Of volstaat voor een hbo-opgeleide pastor een niveau lager ook? De synode weet nog niet wat de juiste richting is. Om die te bepalen, komt er een extra vergadering in januari of februari.
PThU
In een notitie over de verhouding tussen de synode en de Protestantse Theologische Universiteit (PThU) benadrukt de raad van toezicht dat de PThU als een door de overheid bekostigde universiteit zelfstandig moet zijn. Tegelijk is zij als onderdeel van de kerk ook gebonden aan de kerkorde. De notitie benadrukt dat de synode niet op de stoel van de raad van toezicht moet gaan zitten.
Tijdens de discussie blijkt dat slechts twee derde van de docenten en hoogleraren aan de PThU voldoen aan de kerkordelijke voorwaarde dat zij vier jaar predikant geweest zijn. Dat percentage staat onder druk door de hoge academische eisen en het zal in de toekomst waarschijnlijk alleen maar lastiger worden om wetenschappelijk gekwalificeerde kandidaten te vinden die ook predikant geweest zijn.
Dat lijkt mij voor de Gereformeerde Bond een reden om te blijven investeren in jonge predikanten die willen promoveren, en in gepromoveerde predikanten die wetenschappelijke artikelen willen publiceren. Naar aanleiding van vragen over het tweejaarlijks verslag van de raad van toezicht erkent de voorzitter, mr. J.P.H. Donner, dat het roerige jaren geweest zijn en dat de kwaliteit van het onderwijs een punt van zorg is.
Lutherse traditie
Bij de bespreking van het project Duurzaam Luthers komt de opleiding van de predikanten opnieuw aan de orde. Bij de lutherse synode leeft de wens om de Lutherana een structurele plaats in de opleiding te geven, zodat alle studenten van de PThU ook toegerust zijn om een lutherse gemeente te dienen.

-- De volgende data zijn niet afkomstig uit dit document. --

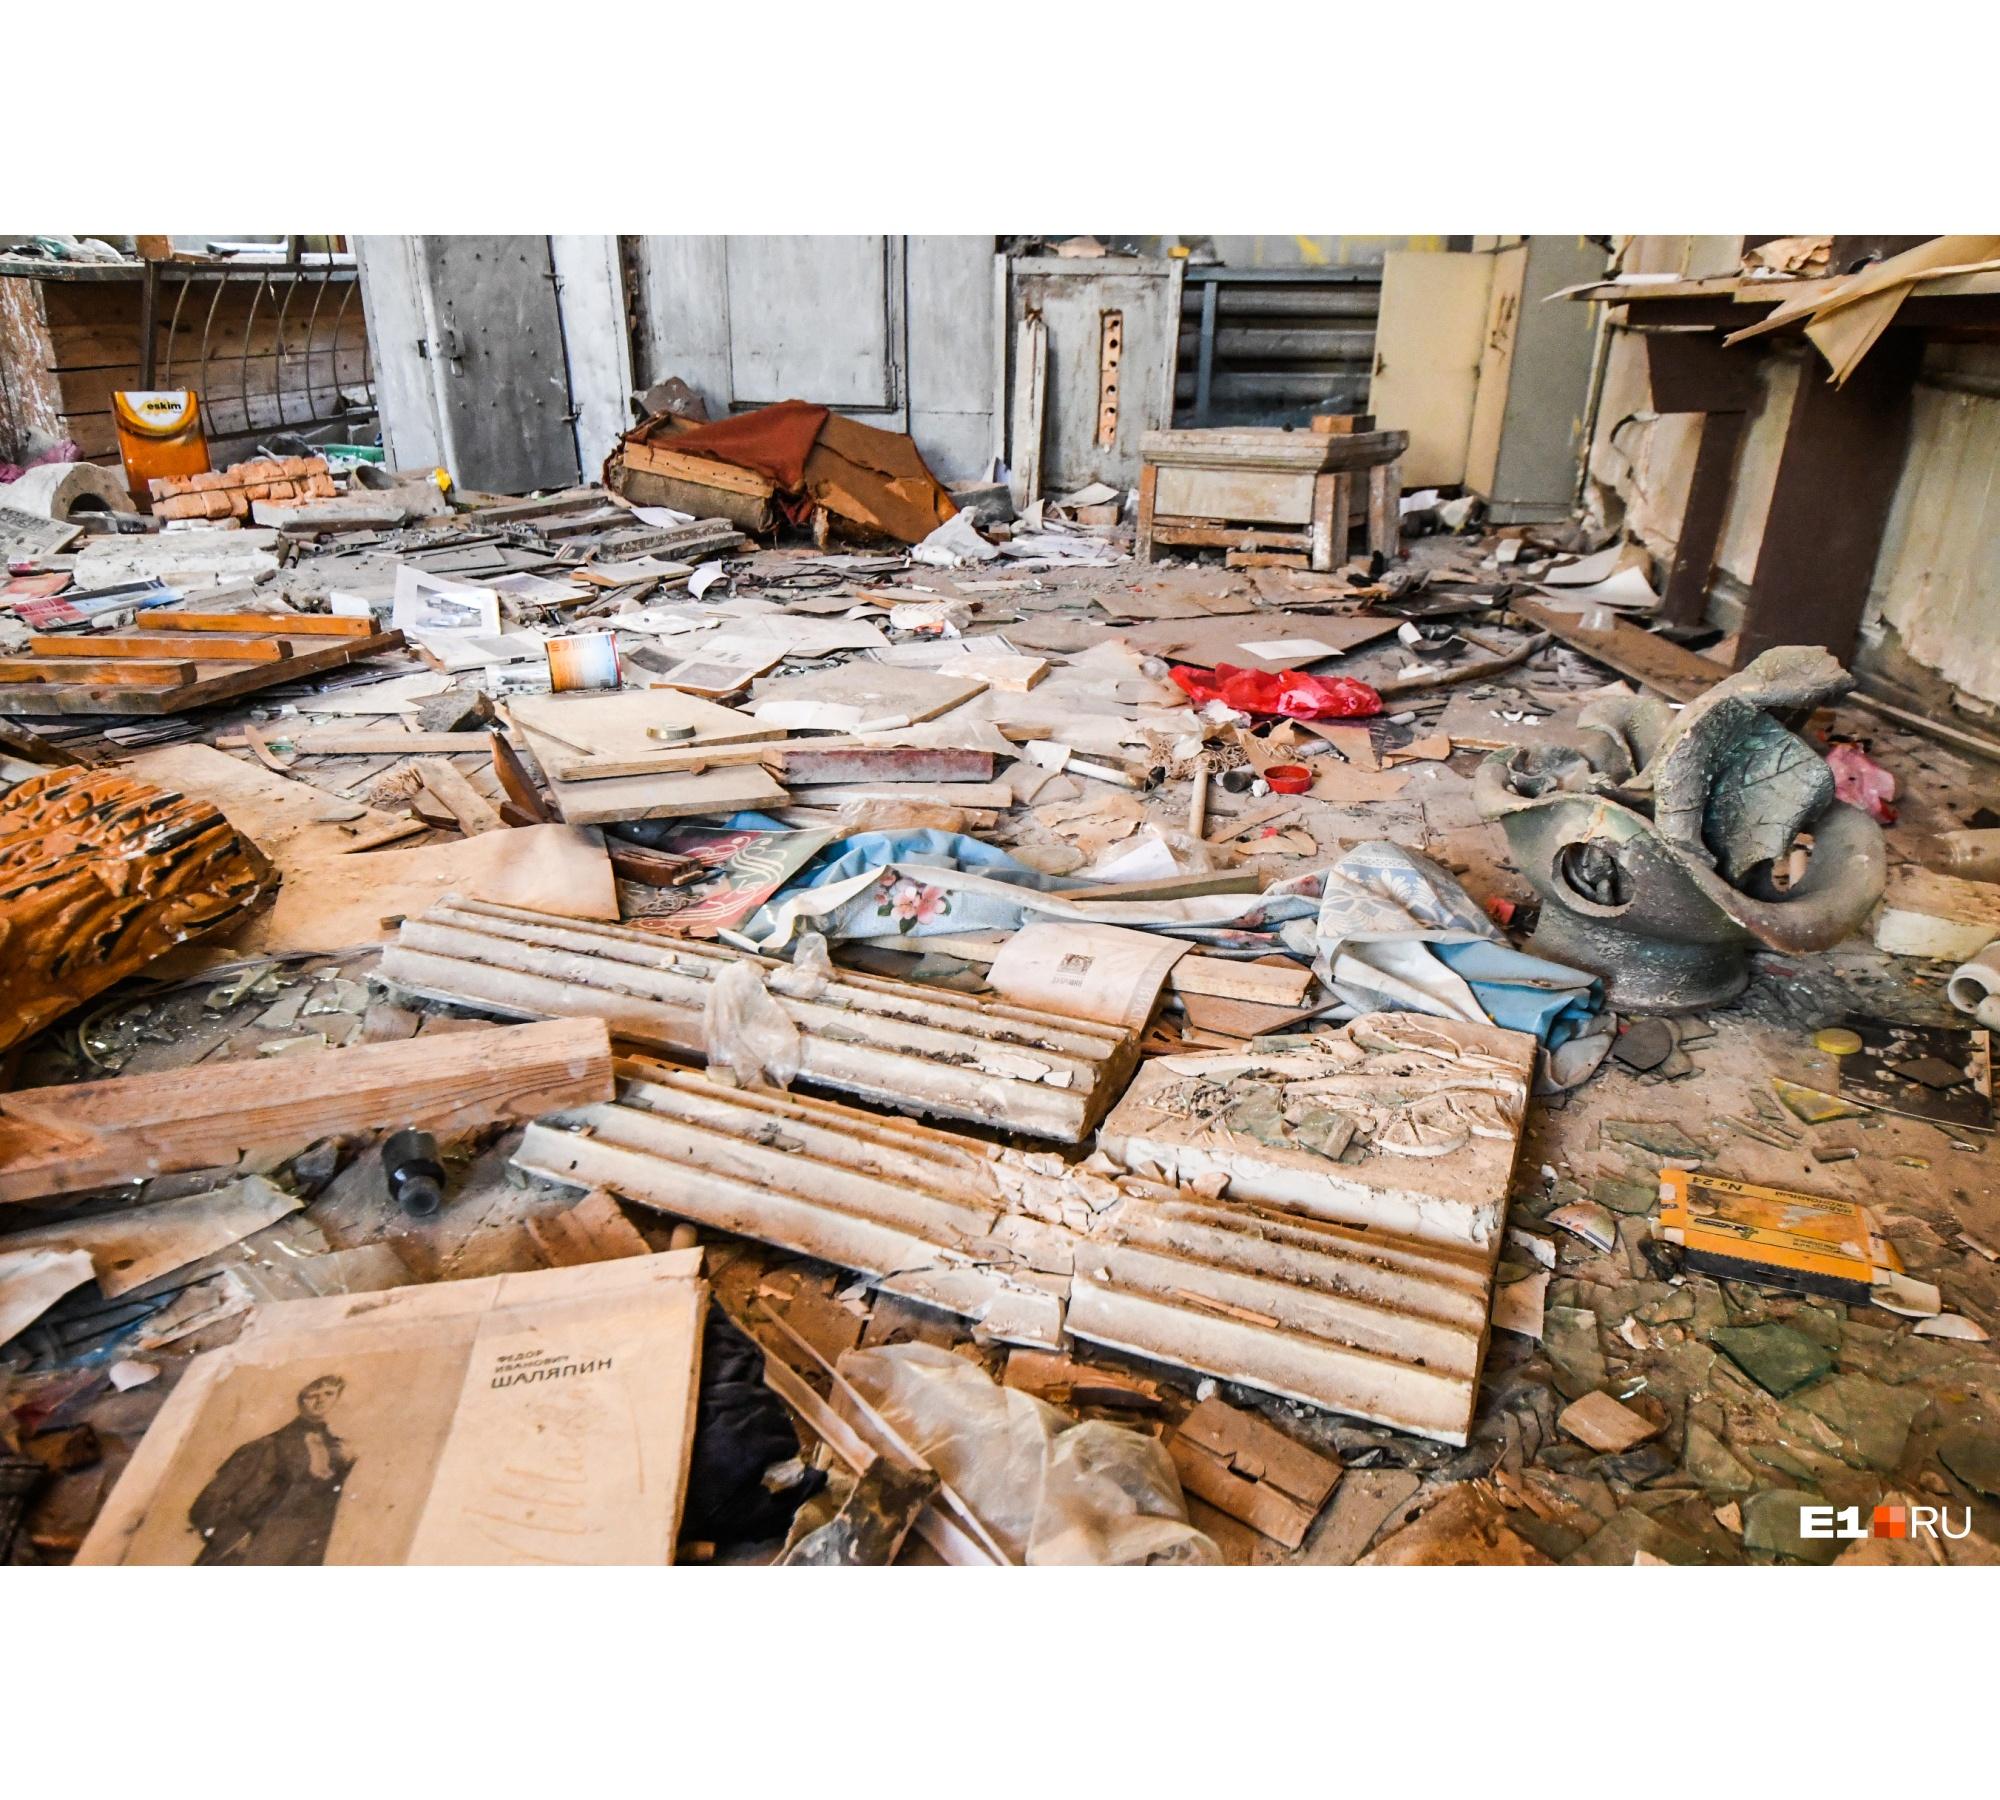 По полу разбросаны остатки художественных материалов, книг и фотографий

Het bewaken van de lutherse traditie is een taak voor de kerk als geheel en wat mij betreft mogen de hervormd-gereformeerden zich daar ook wel voor inzetten. De notitie spreekt echter slechts van het lutherse gedachtegoed, de traditie en de liturgie. Bij studenten aan de PThU zal er waarschijnlijk meer belangstelling zijn voor de lutherse theologie. Het is jammer dat de lutherse gemeenten in onze kerk niet orthodoxer zijn.
Predikant en pastor
Wie dominee wil worden in de Protestantse Kerk, moet eerst drie jaar theologie studeren aan een bacheloropleiding in Amsterdam, Groningen, Apeldoorn, Utrecht of Leuven. Of er vanaf 2025 in Utrecht ook een bachelor van de PThU bijkomt, is nog niet zeker. Daarna volgt de driejarige predikantsmaster aan de PThU. Op de agenda staan plannen om daarnaast een weg te openen om pastor te worden in de Protestantse Kerk.

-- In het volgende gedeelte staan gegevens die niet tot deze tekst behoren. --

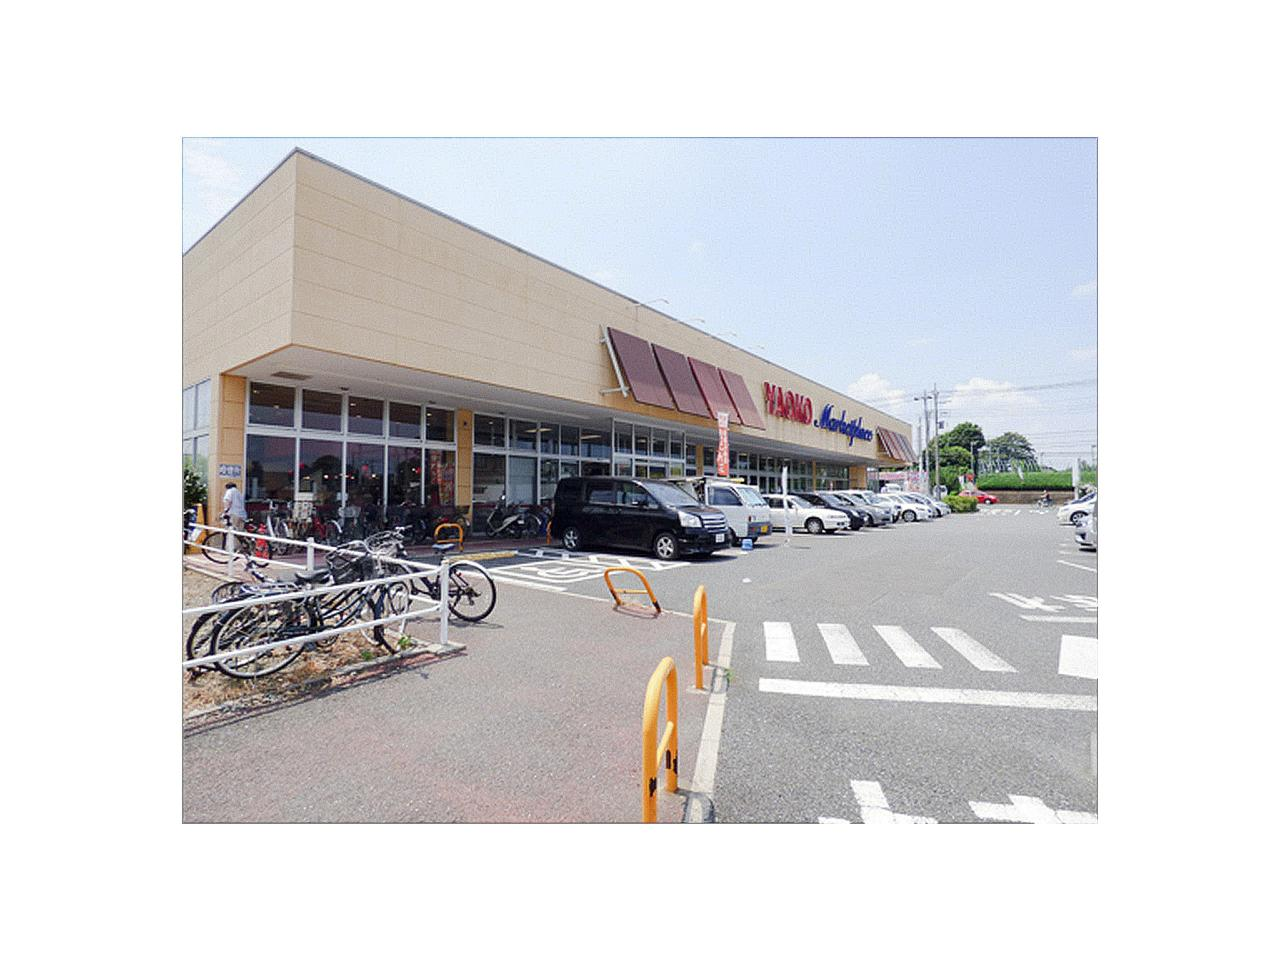 ヤオコー 所沢椿峰店

De wens om deze nieuwe route aan te bieden komt op uit de praktijk. De nood is in sommige delen van het land en met name in de noordelijke provincies groot. In veel kleine gemeenten is geen predikant werkzaam maar doet iemand met een hbo-opleiding in de theologie het werk van een dominee. Zo’n kerkelijk werker kan nu ook al een preekconsent en sacramentsbevoegdheid krijgen, maar is geen predikant.

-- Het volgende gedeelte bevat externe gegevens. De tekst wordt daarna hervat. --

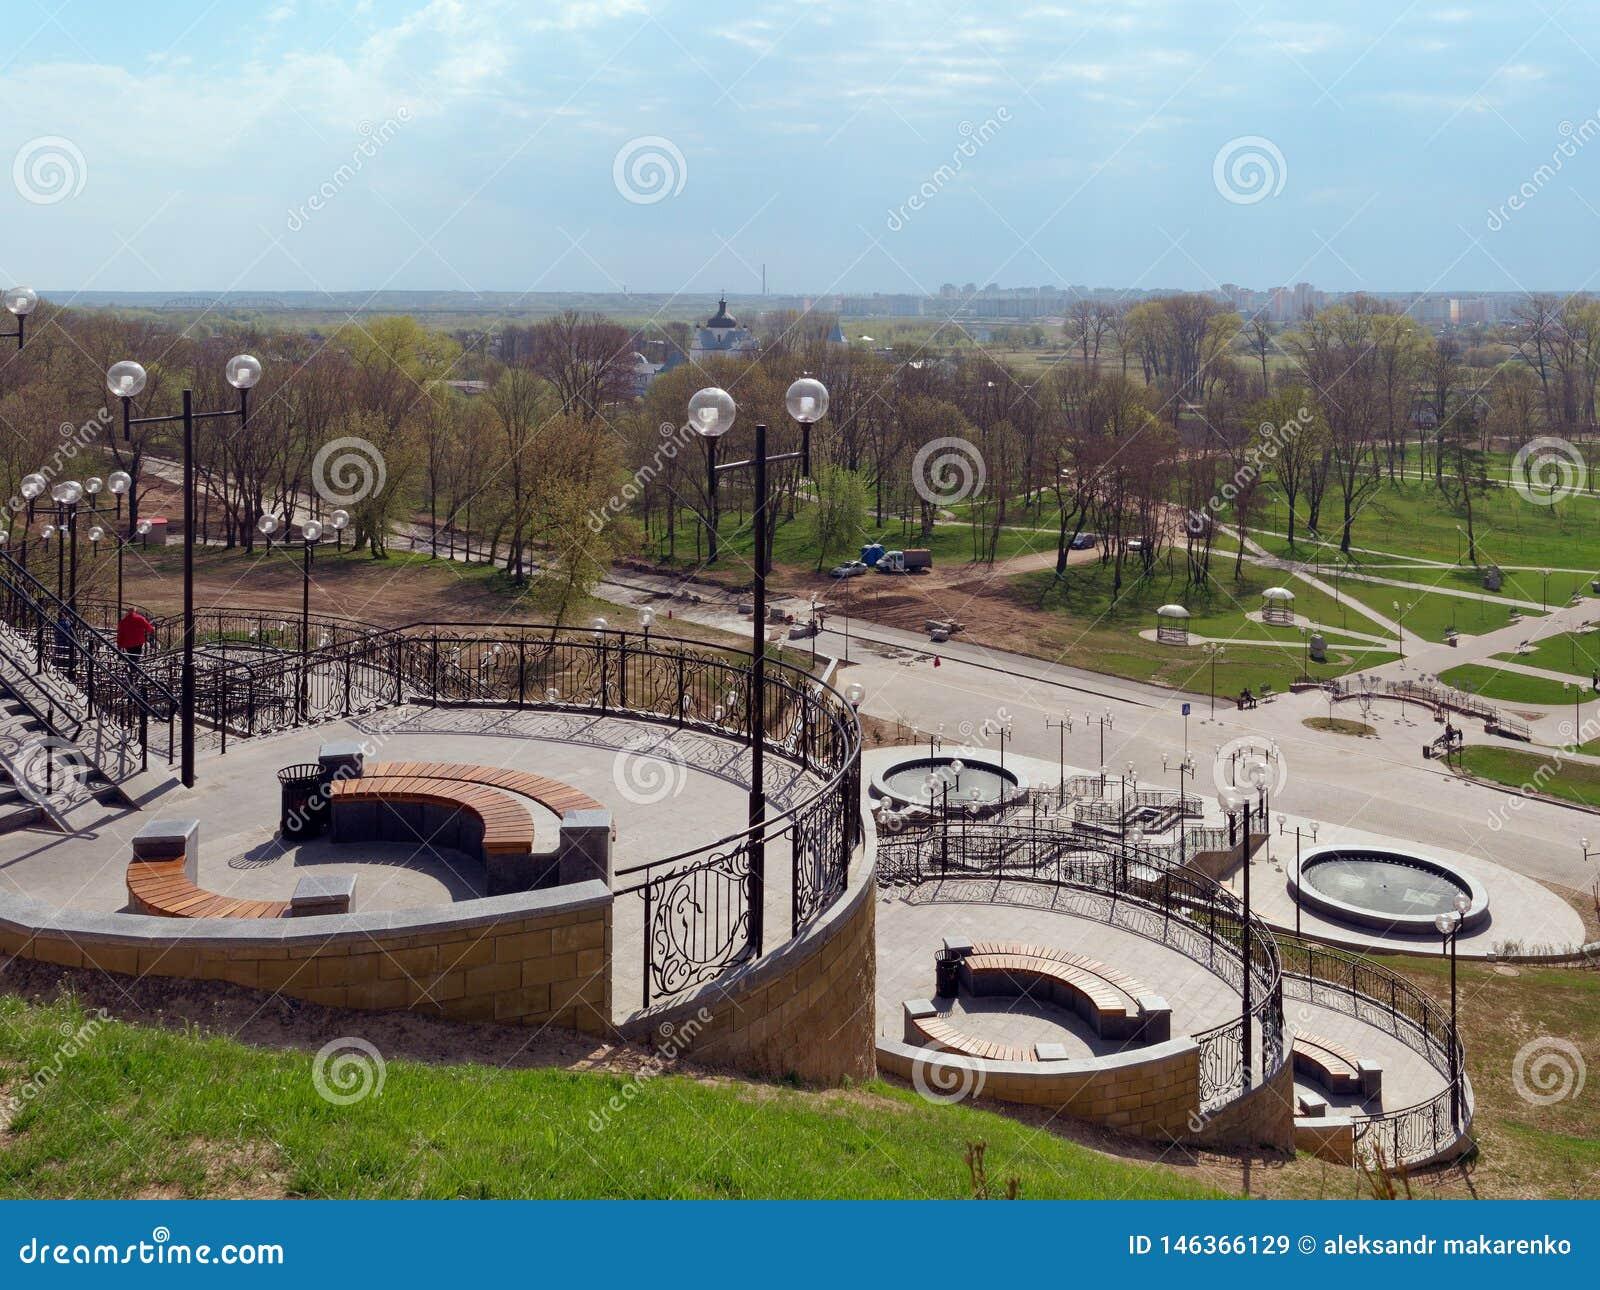 MOGILEV VITRYSSLAND - APRIL 27, 2019: parkera omr?de med en trappuppg?ng och en springbrunn

De commissie die zich op verzoek van de synode over de opleidingen gebogen heeft, komt met het voorstel om de vierjarige hbo-opleiding (bachelor) aan te vullen met een tweejarige hbo-master. Die zou nog ontwikkeld moeten worden. Formeel hebben dan de predikant en de pastor hetzelfde werk- en denkniveau (niveau 7), al is de een meer theoretisch en de ander meer praktisch opgeleid. Beide opleidingen duren zes jaar.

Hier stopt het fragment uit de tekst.